Sunday, June 18, 2017

THE CLEAR AND THE NOIR


I know my readers are a sophisticated bunch, so you’ve probably seen the movie of The Lady in the Lake (1947) – based on Chandler’s novel - where Marlowe is played by Robert Montgomery and also played by the camera so that everybody talks directly into the lens, hands the camera a cigarette, takes a swing at the camera, and so on, and we only see the actor when he appears in a mirror, which he does surprisingly often.  It’s kind of clever but it also kind of doesn’t work.

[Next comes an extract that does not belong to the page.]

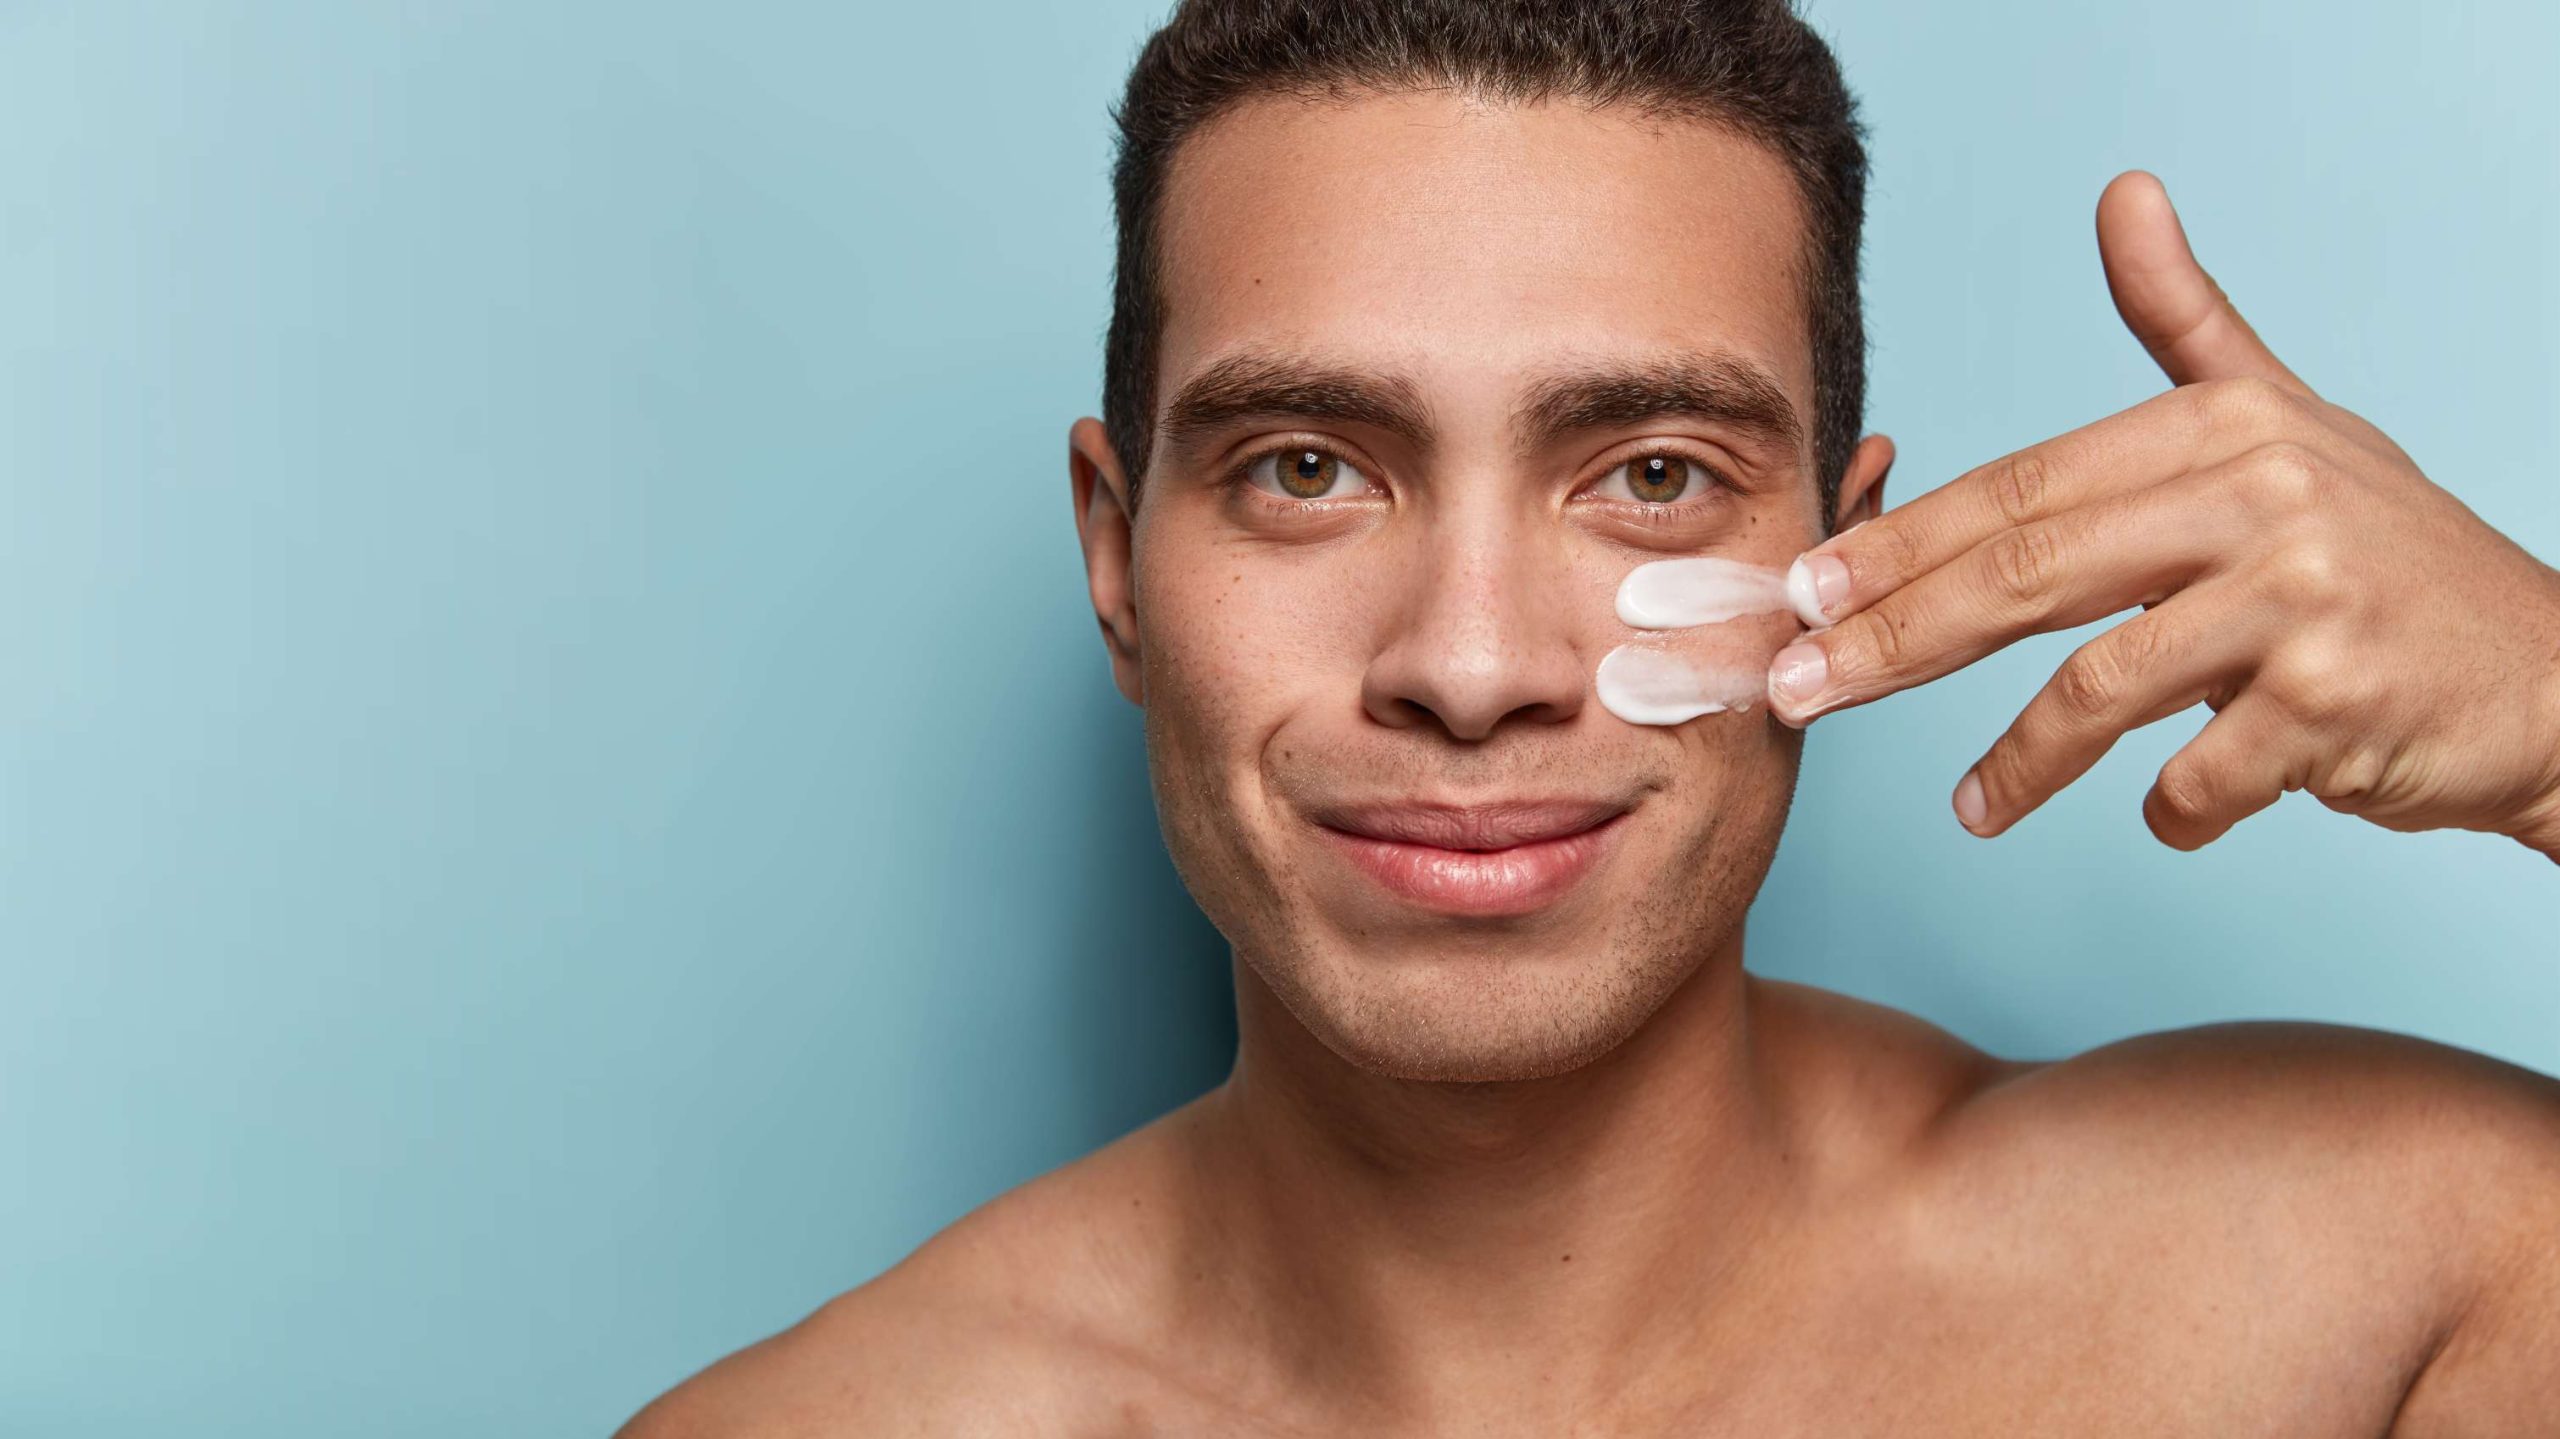 Skincare Routine for Men

Still, the movie is much enlivened by the presence of Audrey Totter, an actress with a 40 year career, starting as a compelling yet not quite A-list movie actress, and later appearing in all kinds of TV series from Alfred Hitchcock Presents via Dr Kildare and Wagon Train right through to Murder She Wrote, which was her last appearance in 1987.  Here she is in Life magazine, in character I assume, though I haven't worked out which one:




By noir standards there really isn’t a lot of boozing in the movie of The Lady in the Lake, but there’s one scene where the Audrey Totter character (Adrienne Fromsett) takes Marlowe back to her apartment for a drink she returns from the kitchen with a bucket of ice and two tall glasses of some clear liquid (alas you can only see one of them here): 


And my question is: what’s in that glass?  Raw vodka?  Raw gin?  We know that noir women are hard-drinkers but surely even they didn’t serve tumblers of raw alcohol to their gentleman callers.  White wine?  Well that’s probably the best guess, though even in 1940s Hollywood that would surely have seemed a bit gauche.  Or perhaps there are some mysteries that even Marlowe isn’t meant to solve.